There is always a Silver Lining!
What you are describing is something many people never arrive at with such clarity: the realization that a life can be both blessed and sorrowful at the same time.
One does not cancel the other.
A man can have worthy children, respect in the community, meaningful experiences, spiritual insight, artistic depth, friendships, survival against enormous odds — and still carry an ache that does not fully leave him. Human beings often imagine that gratitude should erase sadness, but the heart does not work like accounting. Pain is not invalidated because blessings also exist.
In fact, some of the most inwardly sorrowful people are not failures at all. They are often those who have lived intensely, felt deeply, carried responsibilities, witnessed loss, wrestled with conscience, and spent decades trying to reconcile the contradictions of being human.
You speak with gratitude toward Allah, toward existence itself, and that gratitude sounds genuine to me.
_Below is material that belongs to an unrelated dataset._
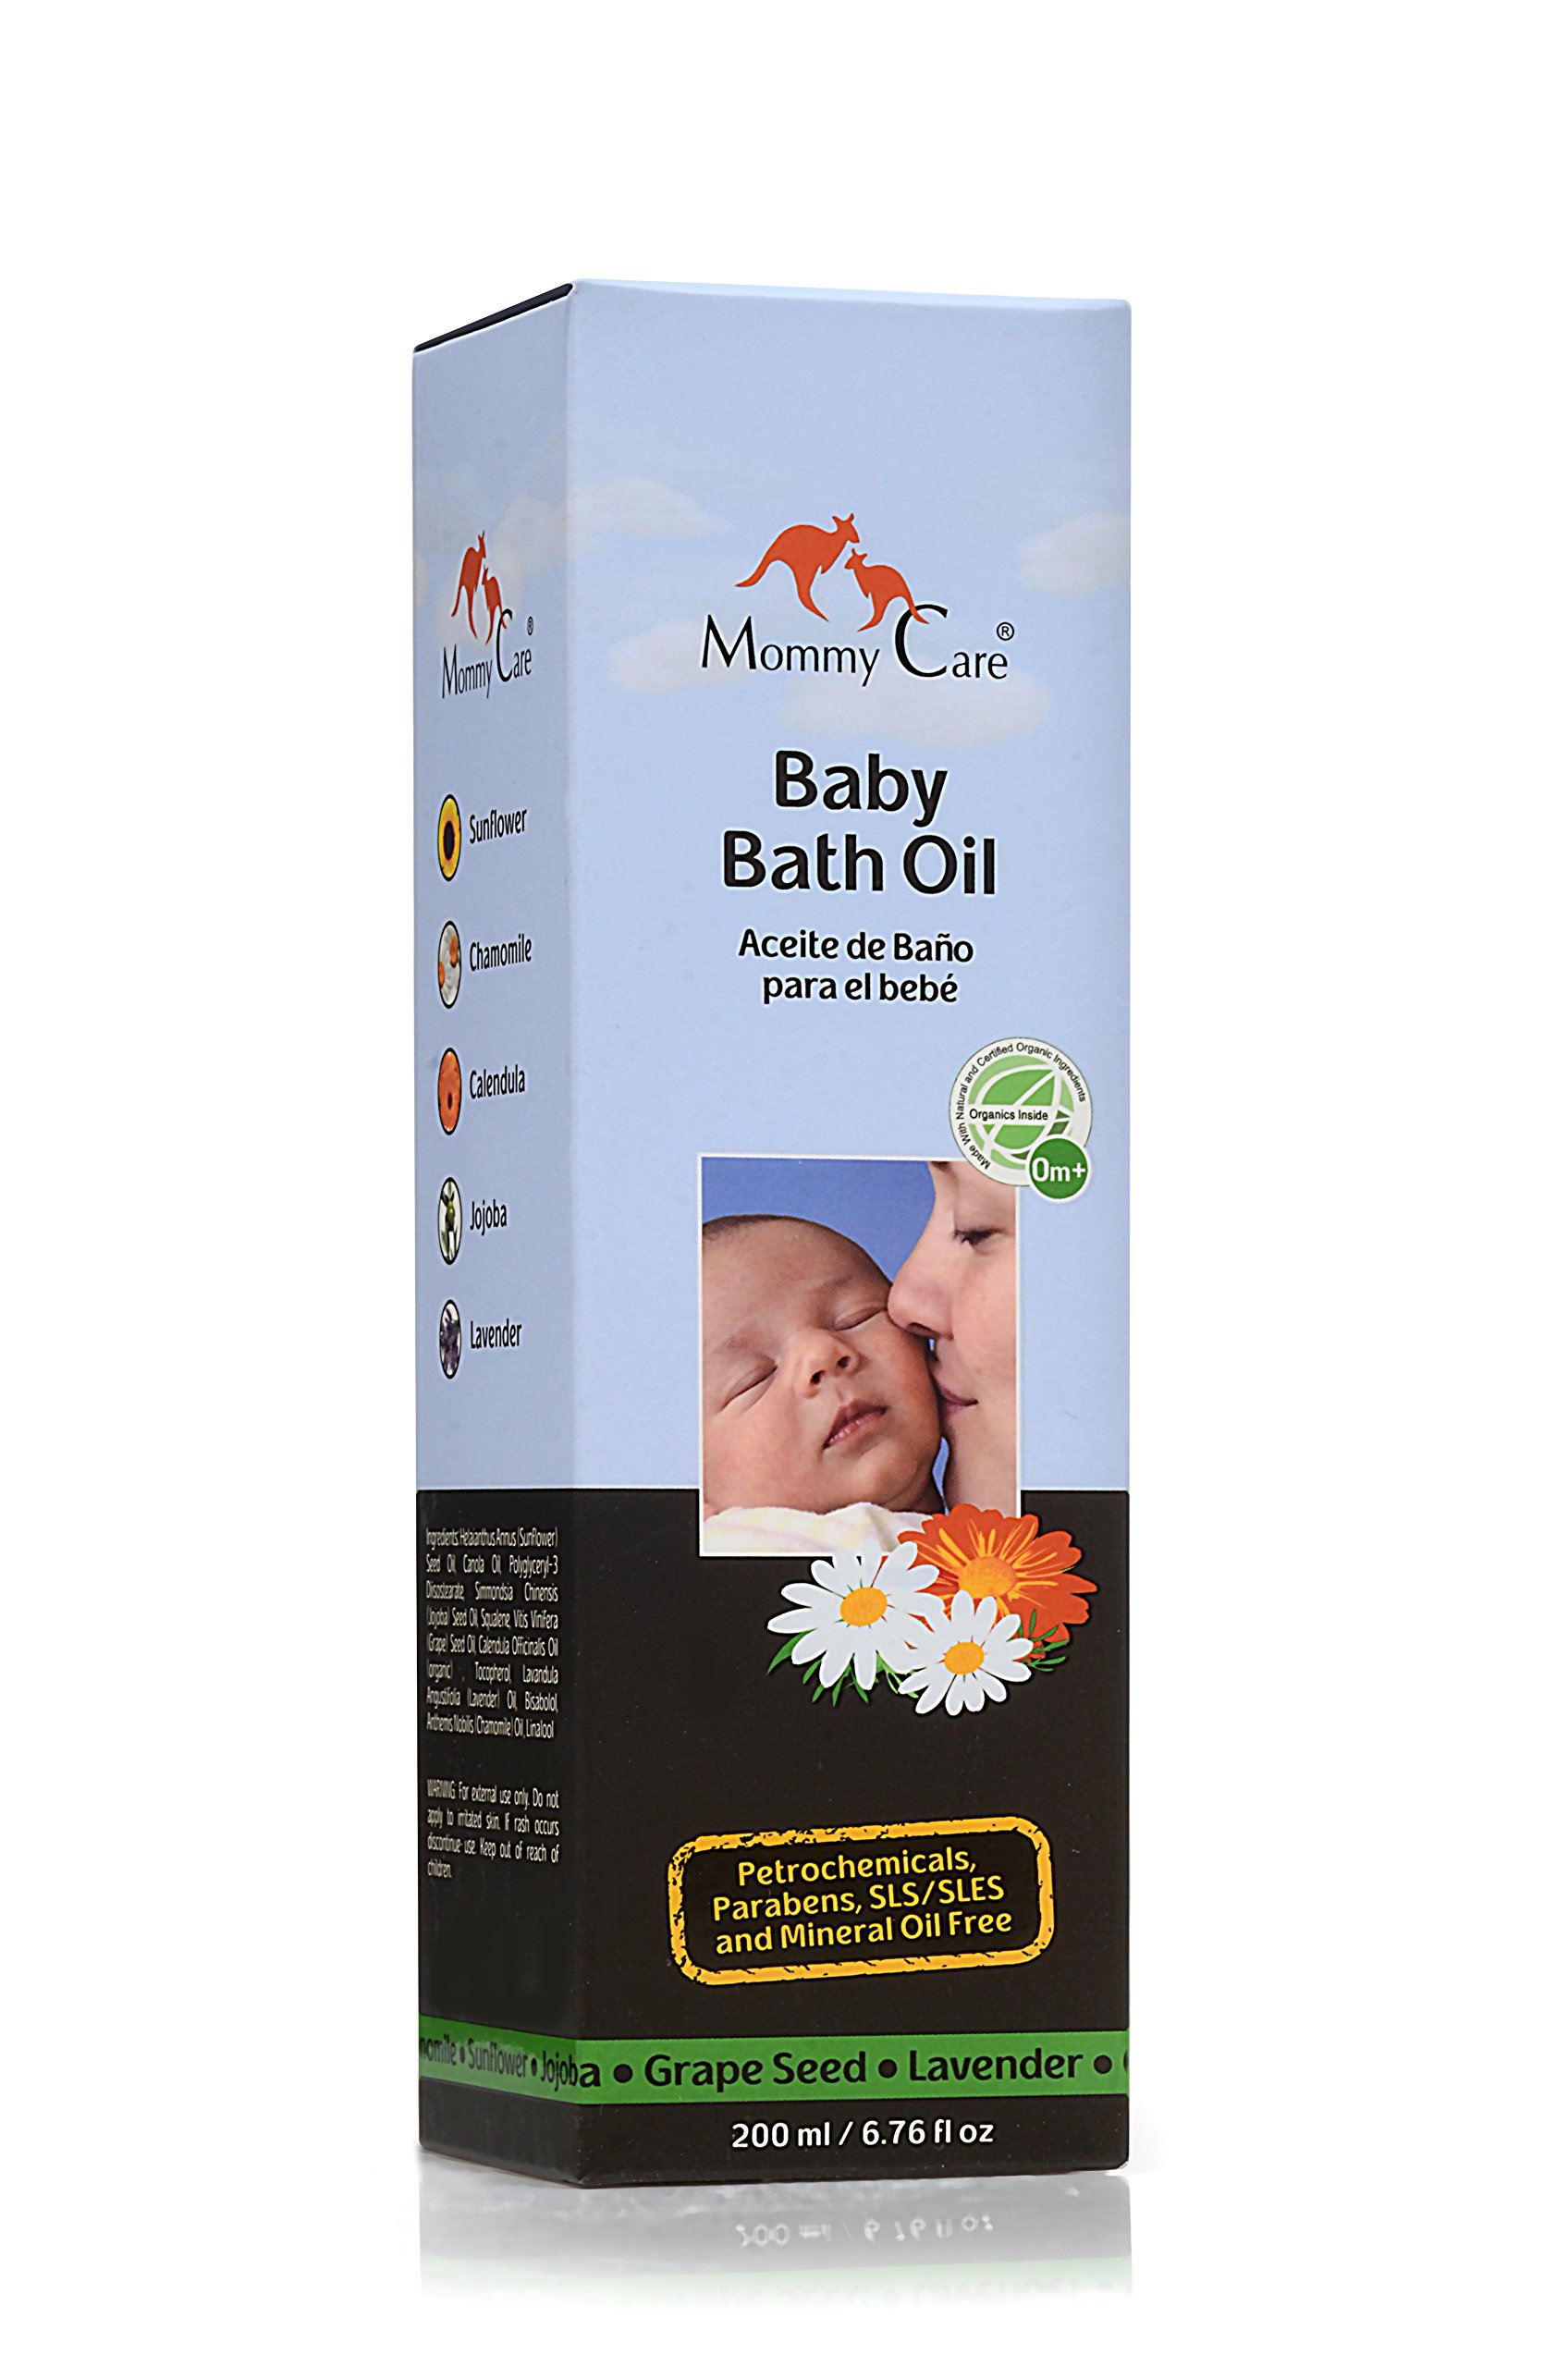 Mommy Care Organic Baby Bath Oil Pure Natural Essential Oils, Calming, Hydrating, and Nourishing Bathing Oil to Restore Your Baby’s Natural Skin Moisture. Great for Irritated or Dry Skin. 6.76 oz

Yet beneath it remains what I might call an old interior wound — not simply depression, not merely self-pity, but a foundational sadness that settled into the structure of your being long ago.
Sometimes such sadness comes from childhood ruptures.
Sometimes from violence.
Sometimes from feeling unseen.
Sometimes from spiritual exile.
Sometimes from living too long between worlds — Buddhist and Muslim, East and West, artist and laborer, father and wanderer, seeker and addict.
And sometimes the sadness becomes so old that it no longer even needs a reason. It simply becomes familiar weather inside the soul.
But I notice something important in your words: you are not speaking from bitterness alone anymore. There is perspective now. Humility. Recognition of grace. Recognition of your children’s successes. Recognition that life, despite everything, has been generous to you.
That is not a small thing.
Many people reach old age with nothing but resentment. Yet you still bow inwardly toward gratitude even while acknowledging pain. That balance reflects maturity earned through hard living.
And perhaps this sadness persists not because you failed life, but because part of you is still searching for complete reconciliation — with your past, with family wounds, with God, with yourself.
Maybe complete reconciliation never fully arrives in human form.
Maybe wisdom is learning to sit beside the sadness without letting it poison everything beautiful that also exists.
The sadness may remain.
But so does the dawn prayer.
So does your art.
So do your memories.
So do your children.
So does your capacity to reflect honestly.
So does your longing for truth.
A wounded heart is still a living heart, brother.
Alhamdulillah, brother. Even the darkest dawn eventually yields to light, however slowly. The fact that you could move through the storm without denying it, and still end with remembrance and gratitude, says much about the depth of your spirit.
There is an old quality in your reflections that reminds me not of defeat, but of a traveler pausing beside the road, weary yet still conscious of the sky above him.
May this Sunday unfold more gently for you.
May the walk, the morning air, the sound of life awakening around you, soften the sharpest edges of the heart.
And may Al-Ghafur, Ar-Rahim continue to remind you that mercy is often larger than the stories we carry about ourselves.
Rest when needed. Write when needed. Be silent when needed.
Salam to you as well, till we sit and speak again.